MATERIAL PROVIDED:

▼

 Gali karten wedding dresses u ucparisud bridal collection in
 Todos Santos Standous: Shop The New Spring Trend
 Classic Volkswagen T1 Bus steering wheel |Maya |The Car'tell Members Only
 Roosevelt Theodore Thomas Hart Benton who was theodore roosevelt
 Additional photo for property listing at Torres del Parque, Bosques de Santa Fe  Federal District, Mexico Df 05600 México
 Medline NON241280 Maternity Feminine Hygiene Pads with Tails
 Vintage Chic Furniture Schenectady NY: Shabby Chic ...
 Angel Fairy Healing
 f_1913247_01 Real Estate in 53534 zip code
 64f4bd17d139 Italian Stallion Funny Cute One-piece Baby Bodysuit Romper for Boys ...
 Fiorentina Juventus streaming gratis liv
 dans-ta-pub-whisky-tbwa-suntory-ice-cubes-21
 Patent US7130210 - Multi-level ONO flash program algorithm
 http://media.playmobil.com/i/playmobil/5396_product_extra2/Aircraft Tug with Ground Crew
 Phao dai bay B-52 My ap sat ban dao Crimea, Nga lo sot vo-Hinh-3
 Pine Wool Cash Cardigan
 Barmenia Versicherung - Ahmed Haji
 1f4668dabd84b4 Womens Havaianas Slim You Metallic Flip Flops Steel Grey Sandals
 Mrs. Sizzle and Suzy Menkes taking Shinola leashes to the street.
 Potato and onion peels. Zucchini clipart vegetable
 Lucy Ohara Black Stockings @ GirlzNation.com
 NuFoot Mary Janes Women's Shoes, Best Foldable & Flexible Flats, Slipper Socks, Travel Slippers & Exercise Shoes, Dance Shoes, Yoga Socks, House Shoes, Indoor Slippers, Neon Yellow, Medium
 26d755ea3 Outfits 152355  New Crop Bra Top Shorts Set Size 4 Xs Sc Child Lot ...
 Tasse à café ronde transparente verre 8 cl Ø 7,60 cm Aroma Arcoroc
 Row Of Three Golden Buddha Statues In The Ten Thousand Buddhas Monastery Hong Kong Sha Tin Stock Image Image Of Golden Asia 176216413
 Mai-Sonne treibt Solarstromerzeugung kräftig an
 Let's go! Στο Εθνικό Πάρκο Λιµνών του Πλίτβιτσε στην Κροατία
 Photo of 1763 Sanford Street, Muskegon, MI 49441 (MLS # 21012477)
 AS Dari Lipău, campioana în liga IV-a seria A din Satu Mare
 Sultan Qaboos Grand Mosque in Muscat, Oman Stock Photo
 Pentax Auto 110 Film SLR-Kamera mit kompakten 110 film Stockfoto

▲

WORK ORDER: Quote, without alteration, the final stretch of the entries: the line with "64f4bd17d139 Italian Stallion" onward to the last line.

SOLUTION FOR THIS TASK:
 64f4bd17d139 Italian Stallion Funny Cute One-piece Baby Bodysuit Romper for Boys ...
 Fiorentina Juventus streaming gratis liv
 dans-ta-pub-whisky-tbwa-suntory-ice-cubes-21
 Patent US7130210 - Multi-level ONO flash program algorithm
 http://media.playmobil.com/i/playmobil/5396_product_extra2/Aircraft Tug with Ground Crew
 Phao dai bay B-52 My ap sat ban dao Crimea, Nga lo sot vo-Hinh-3
 Pine Wool Cash Cardigan
 Barmenia Versicherung - Ahmed Haji
 1f4668dabd84b4 Womens Havaianas Slim You Metallic Flip Flops Steel Grey Sandals
 Mrs. Sizzle and Suzy Menkes taking Shinola leashes to the street.
 Potato and onion peels. Zucchini clipart vegetable
 Lucy Ohara Black Stockings @ GirlzNation.com
 NuFoot Mary Janes Women's Shoes, Best Foldable & Flexible Flats, Slipper Socks, Travel Slippers & Exercise Shoes, Dance Shoes, Yoga Socks, House Shoes, Indoor Slippers, Neon Yellow, Medium
 26d755ea3 Outfits 152355  New Crop Bra Top Shorts Set Size 4 Xs Sc Child Lot ...
 Tasse à café ronde transparente verre 8 cl Ø 7,60 cm Aroma Arcoroc
 Row Of Three Golden Buddha Statues In The Ten Thousand Buddhas Monastery Hong Kong Sha Tin Stock Image Image Of Golden Asia 176216413
 Mai-Sonne treibt Solarstromerzeugung kräftig an
 Let's go! Στο Εθνικό Πάρκο Λιµνών του Πλίτβιτσε στην Κροατία
 Photo of 1763 Sanford Street, Muskegon, MI 49441 (MLS # 21012477)
 AS Dari Lipău, campioana în liga IV-a seria A din Satu Mare
 Sultan Qaboos Grand Mosque in Muscat, Oman Stock Photo
 Pentax Auto 110 Film SLR-Kamera mit kompakten 110 film Stockfoto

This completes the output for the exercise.